Please give the whole listing again exactly, without any of its pictures.

**** Data

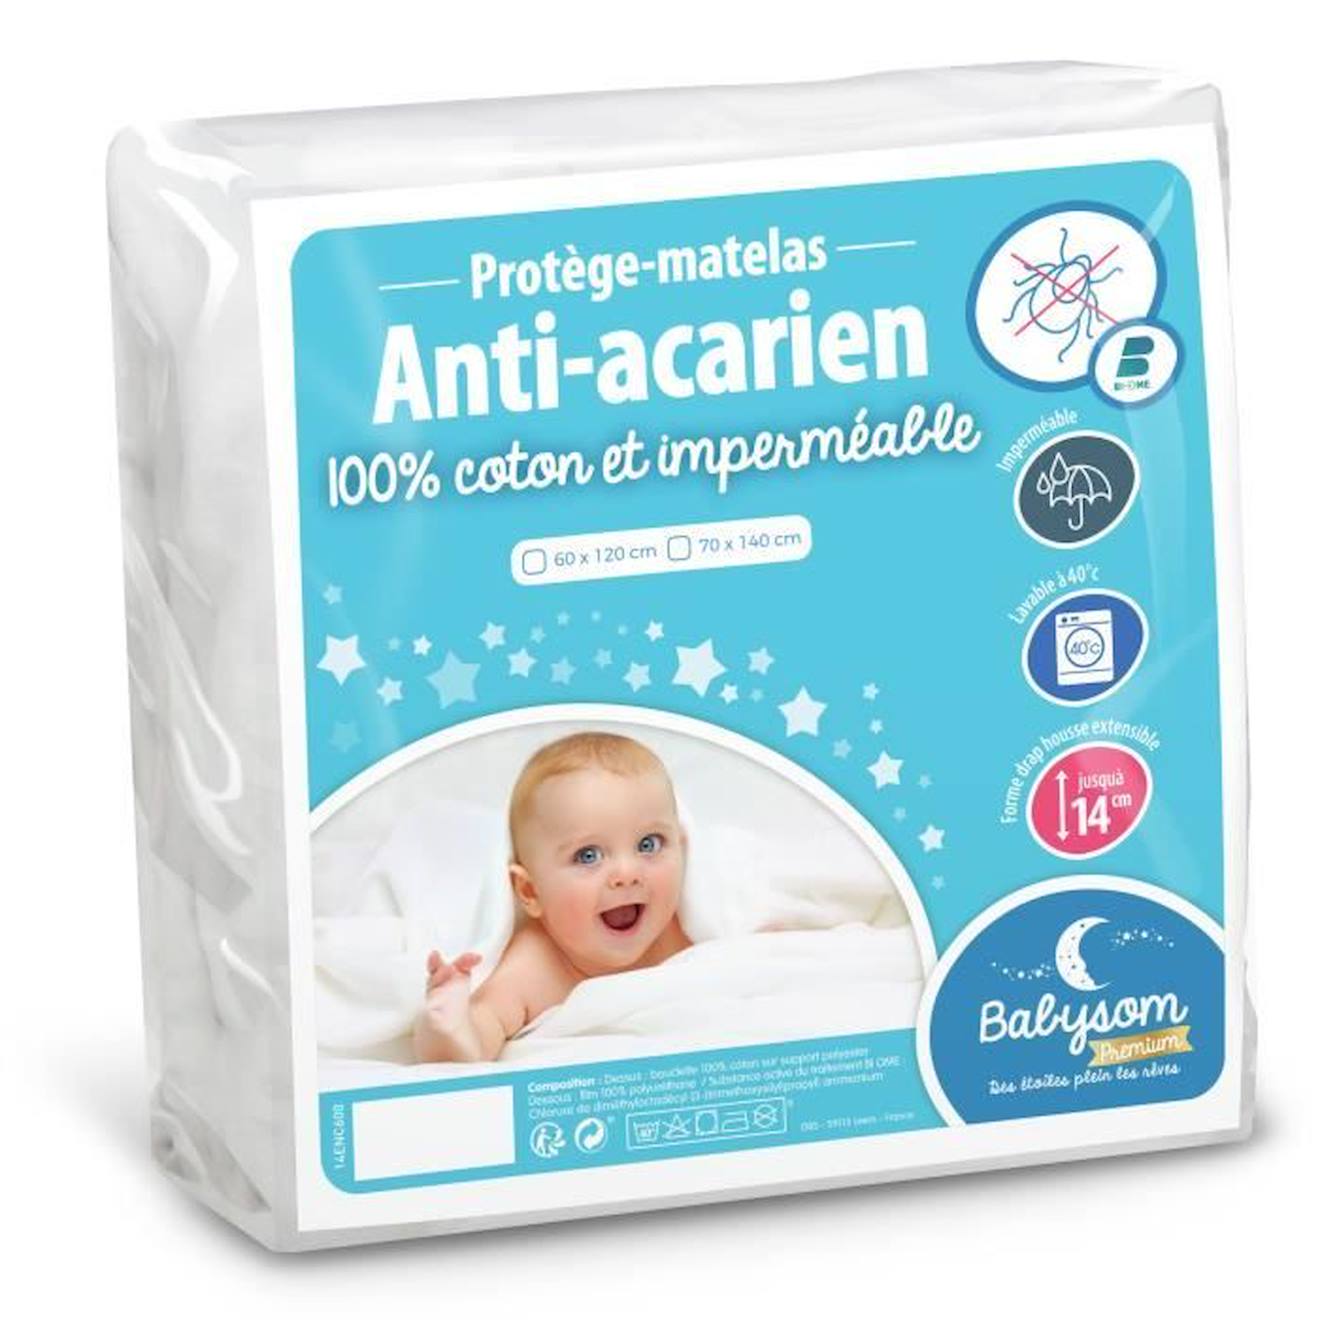 babysom - protège matelas bébé anti-acarien - 70x140 cm alèse imperméable souple et silencieuse bouclette 100% coton oeko-tex® blanc
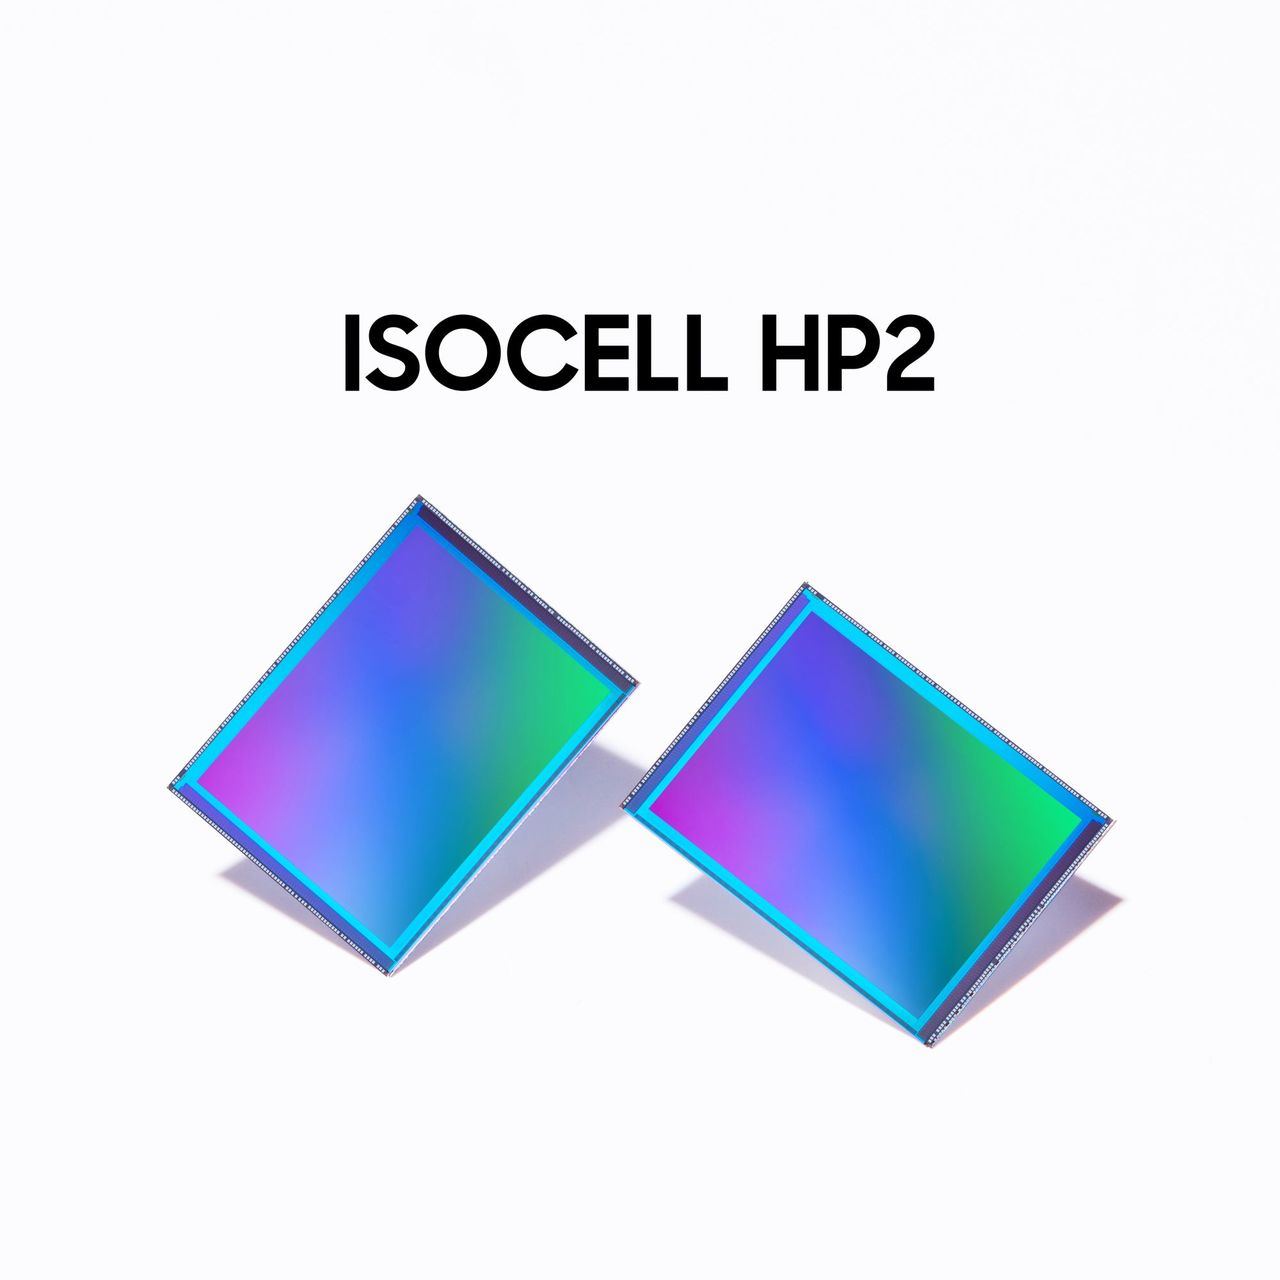 Descubre el nuevo sensor Isocell HP2 de Samsung con hasta 200 megapíxeles
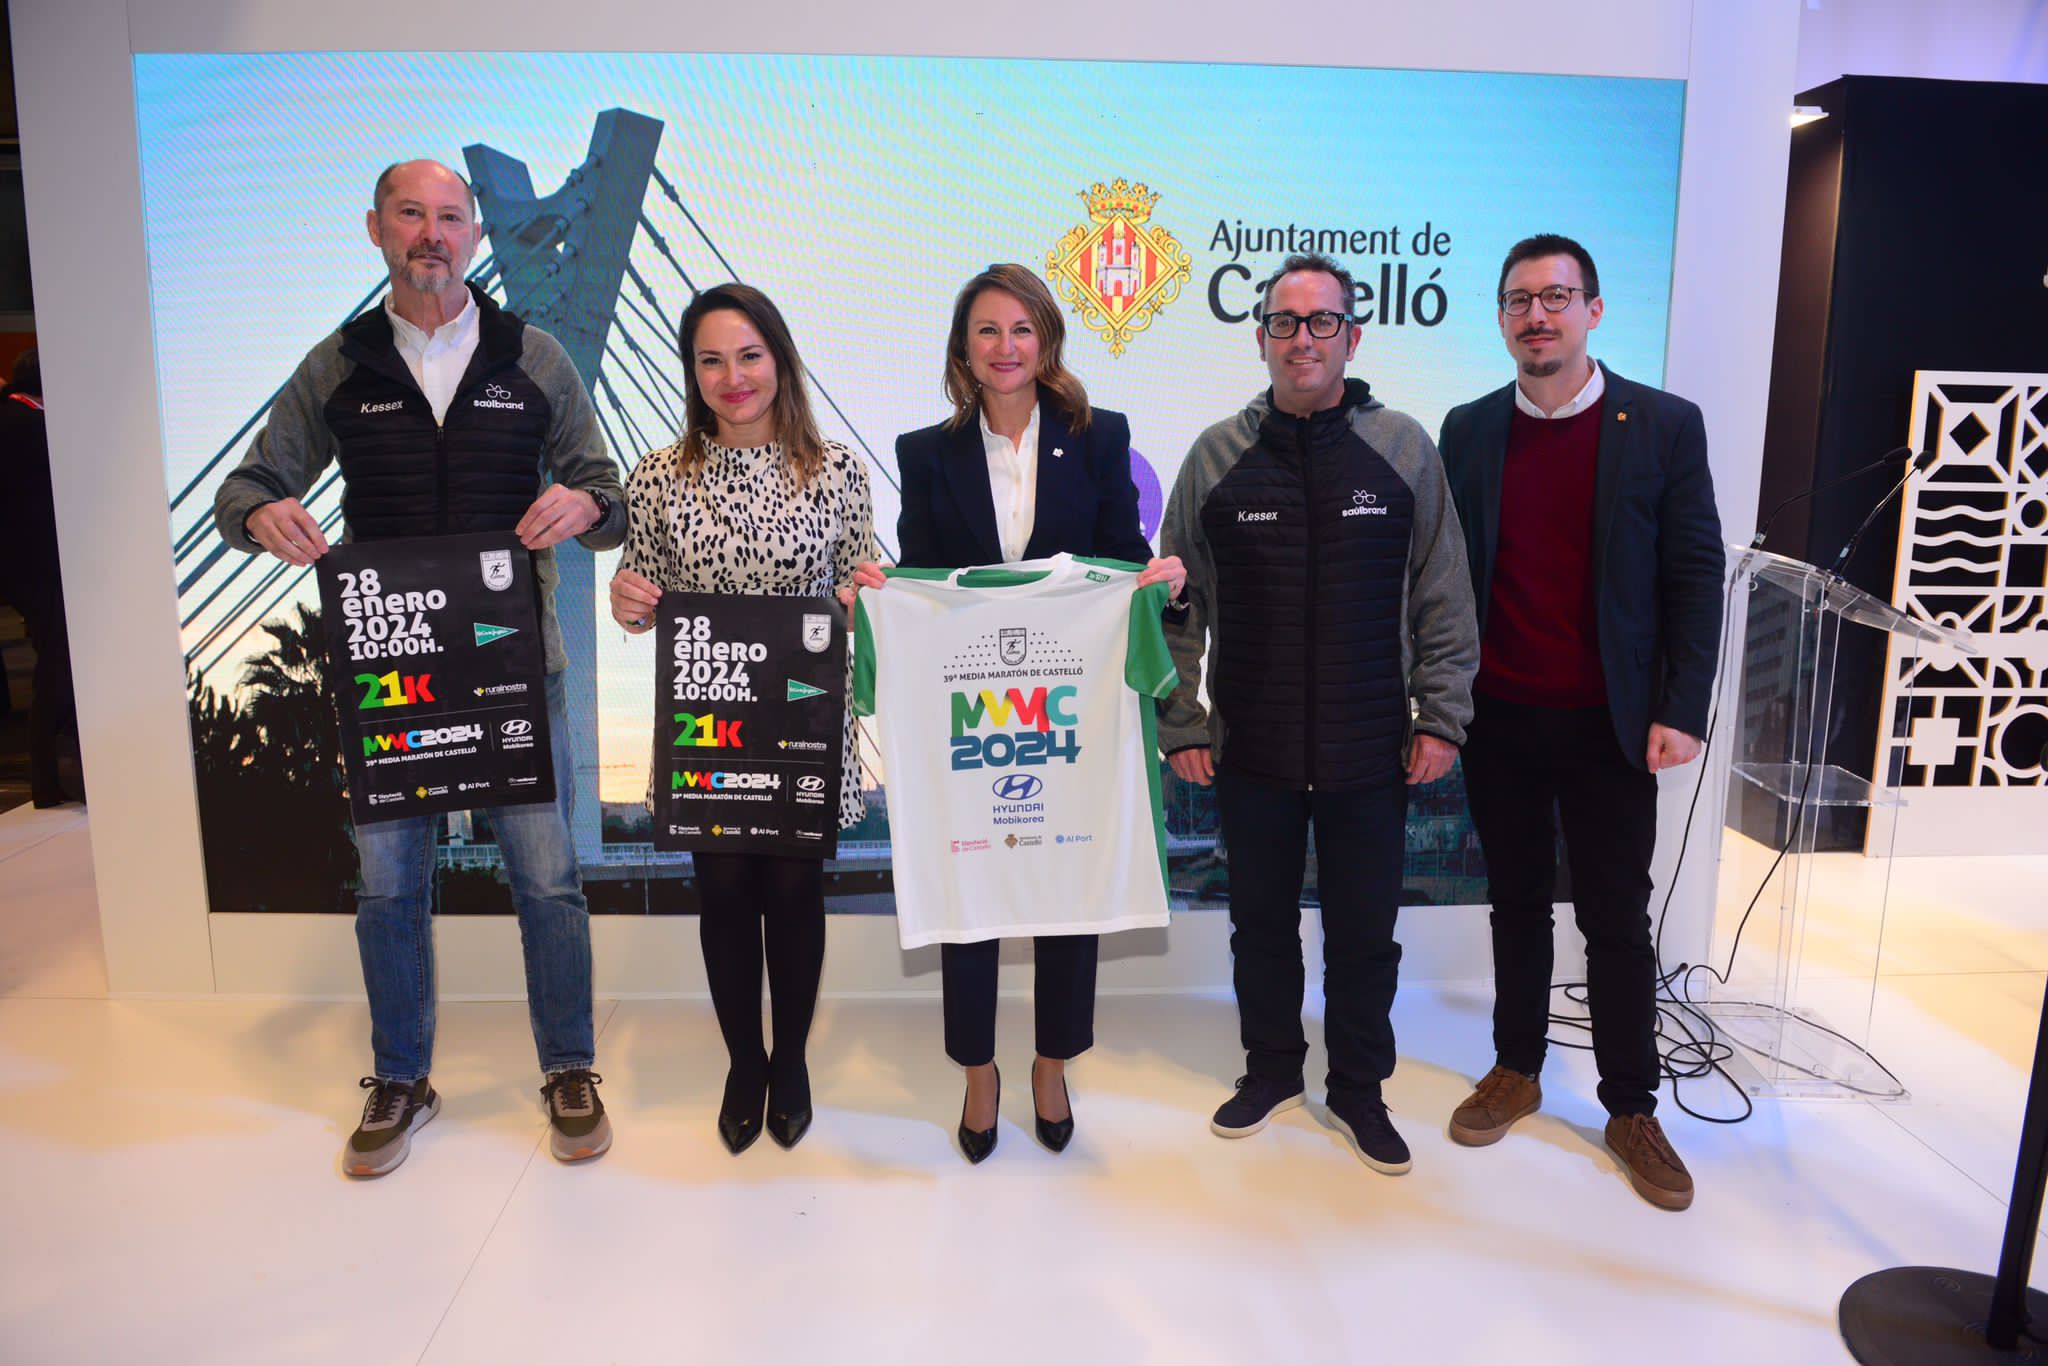 La Alcaldesa de Castellón presenta la camiseta oficial de la Media Maratón de Castellón en Fitur
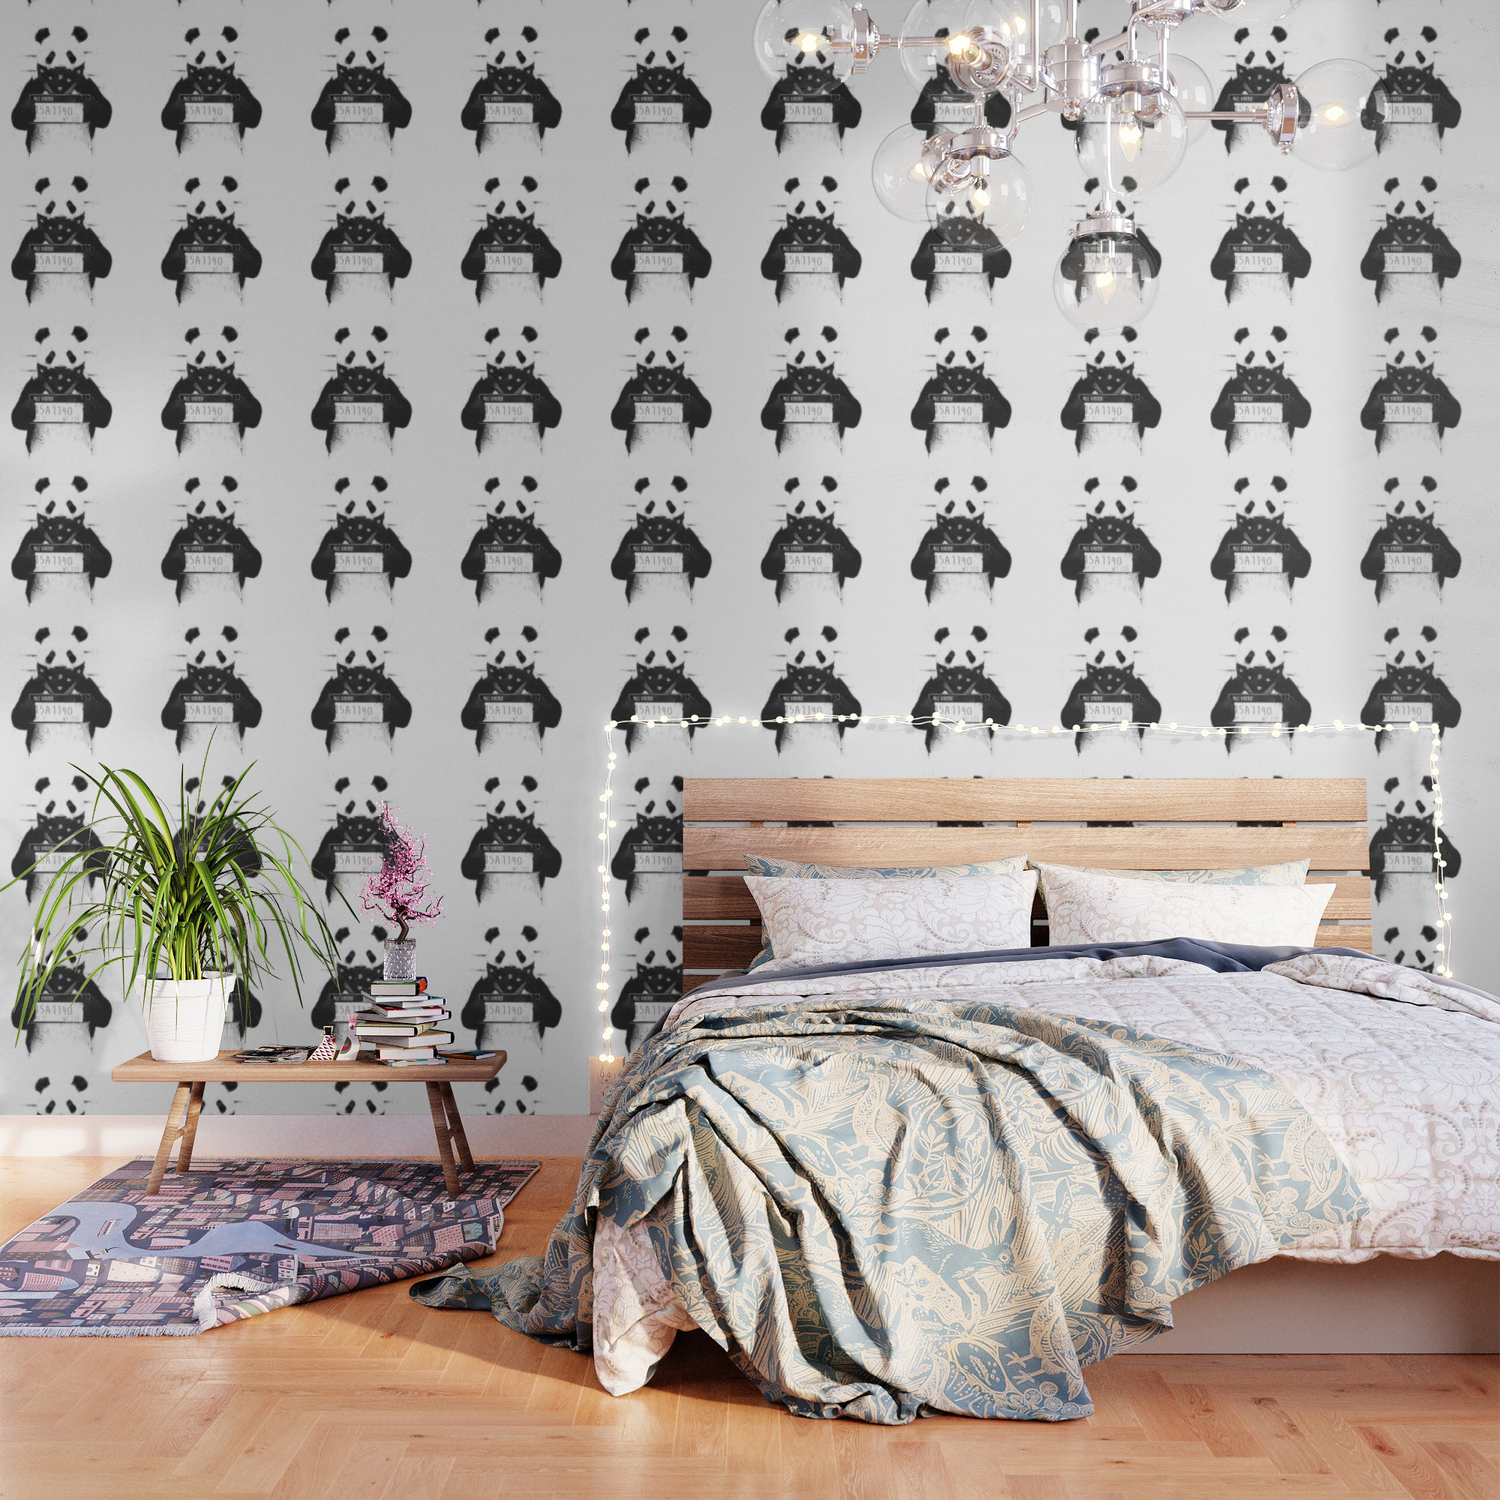 Aesthetic Panda Wallpapers

********

Your solution:
 babysom - protège matelas bébé anti-acarien - 70x140 cm alèse imperméable souple et silencieuse bouclette 100% coton oeko-tex® blanc
 Descubre el nuevo sensor Isocell HP2 de Samsung con hasta 200 megapíxeles
 La Alcaldesa de Castellón presenta la camiseta oficial de la Media Maratón de Castellón en Fitur
 Aesthetic Panda Wallpapers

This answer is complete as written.